OPINION/EDITORIAL  Barring a major catastrophe that keeps most of rural Kansas from making it to the polls on Nov. 8, Kansas’ electoral vote for the President will go to Donald Trump.  While, your vote may not make a big difference in that race, where it will go a long way will be on votes for members of the Kansas House and Senate, on a handful of local races, and on the retention vote for Kansas Supreme Court Judges. 

In most of the state house and senate races featuring African-American candidates, these candidates don’t face any opposition.  KS Rep Gail Finney, says that isn’t by chance, but by plan. 

“They don’t run anyone against us as a strategy to keep people of color from showing up at the poll,”  says Finney.  “They figure our constituents will think, ‘Gail and Oletha don’t have any opposition, I don’t have to bother to come out and vote.’” 

Not showing up is exactly what they want.  Not for Gail and Oletha’s races, but for other races that if you show up for, you might influence the outcome.  If our community stays at home, they can easily win in other more important races, like the Kansas Supreme Court retention races.   

In case you missed it, our cover story in the Oct. 20, 2016 Community Voice, took on the issue of the judicial elections.  Mostly ignored in the past, this year big money is being put behind these elections with two sides painting conflicting views about the quality and motives of four members of the Kansas Supreme Court who are up for a retention vote. 

These are non-partisan races which makes it particularly difficult for people to make a quick analysis of the justices based on “D” for Democrat or “R” for Republican.  To make an informed decision, you need to understand what’s behind the push, and you need to follow the money. 

Well following the money isn’t necessarily easy in this case, because of a loop hole in Kansas’ law that doesn’t require the source of spending in these races to be clearly identified.  However you can clearly discern the issue based on a conservative versus and more moderate agenda. 

Kansas conservatives are displeased with the judges because they’ve ruled in ways they don’t agree with, i.e. requiring the State legislature to adequately fund Kansas schools.  In addition, based on technicalities, the judges overturned the life sentence ruling in a couple of cases, including the case of Wichita’s notorious murderers, the Carr brothers. 

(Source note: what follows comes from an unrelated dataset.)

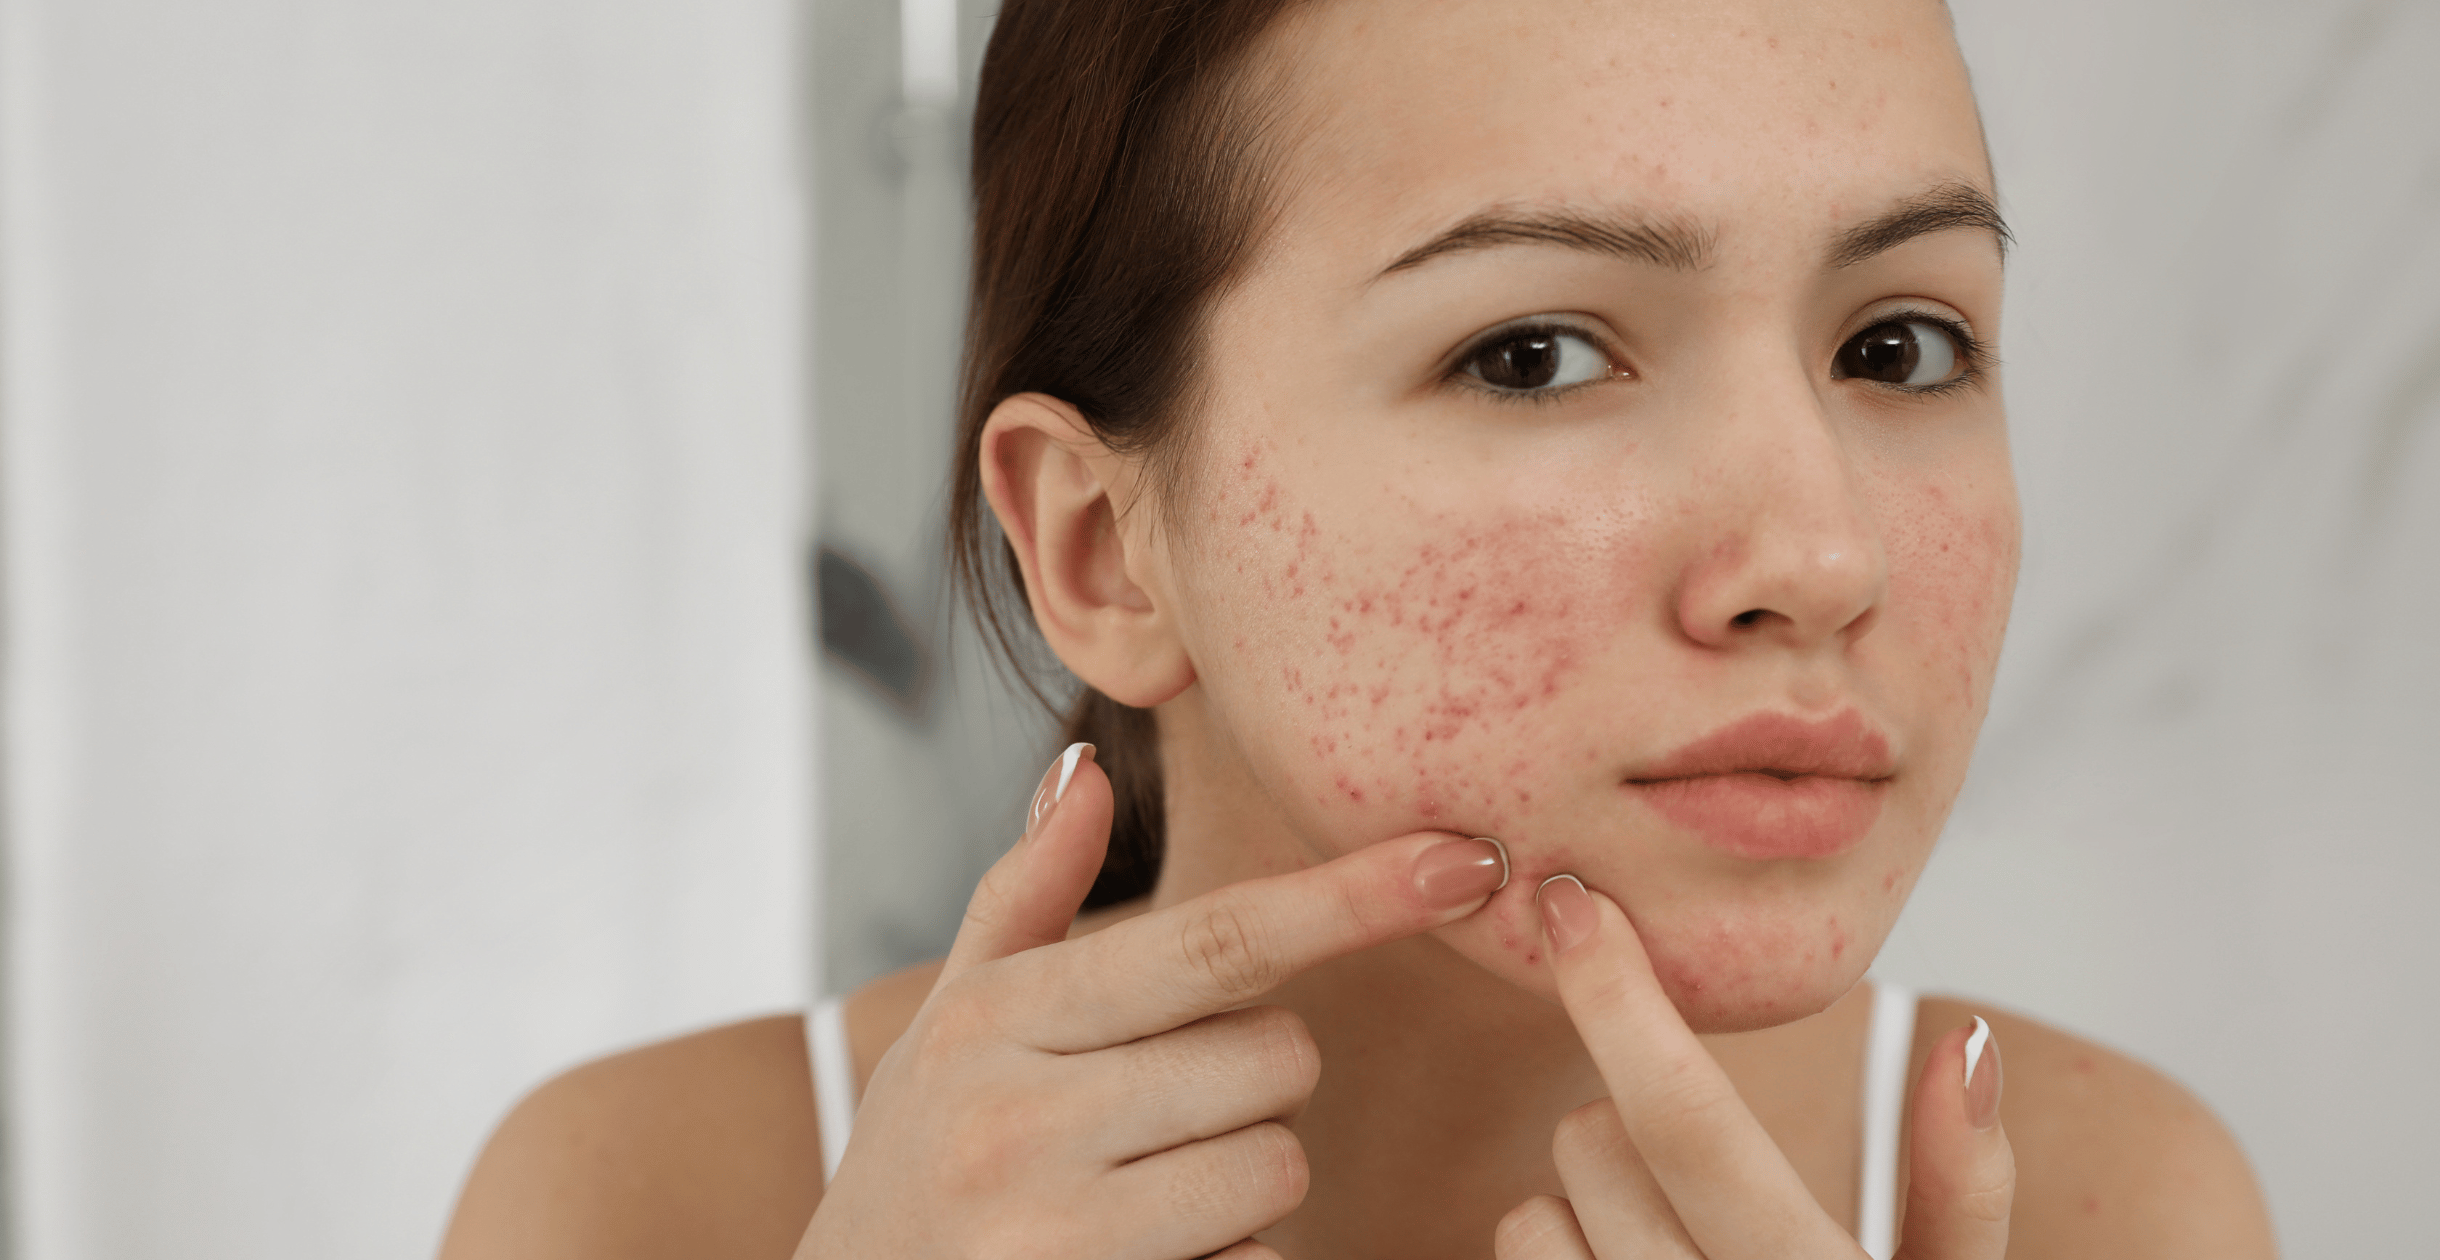 Teenage acne vs adult acne

This ruling doesn’t mean the Carr brothers will ever get out of jail.  They will spend the rest of their life in jail, they just won’t be executed.  But does that really matter in a state that hasn’t killed anyone on death row since 1965. 

Poll after poll has shown how dissatisfied Kansans are with Gov. Brownback and the existing Kansas Legislature.  While a recent poll shows only 19% approval ratings for Gov. Brownback, that same poll shows nearly 53% of Kansans are satisfied with the performance of the Kansas Supreme Court. 

While that 53% number may mean the justices may skirt through with a positive retention vote, those are the kind of numbers where a few votes can make the difference.  This year where the numbers are expected to be close, not voting to retain the judges is the same as a vote against them. 

That’s why we urge our readers to “Finish the Ballot.”  Make it to the last few pages, past the District Judge races, most of whom are running unopposed for reelection, and back to the Supreme Court Judges, who aren’t running against another candidate. What they need is your yes vote to retain them. 

Don’t give Gov. Sam Brownback the opportunity to stack the court with four members who support his conservative agenda.  Vote to retain members of the Kansas Supreme Court.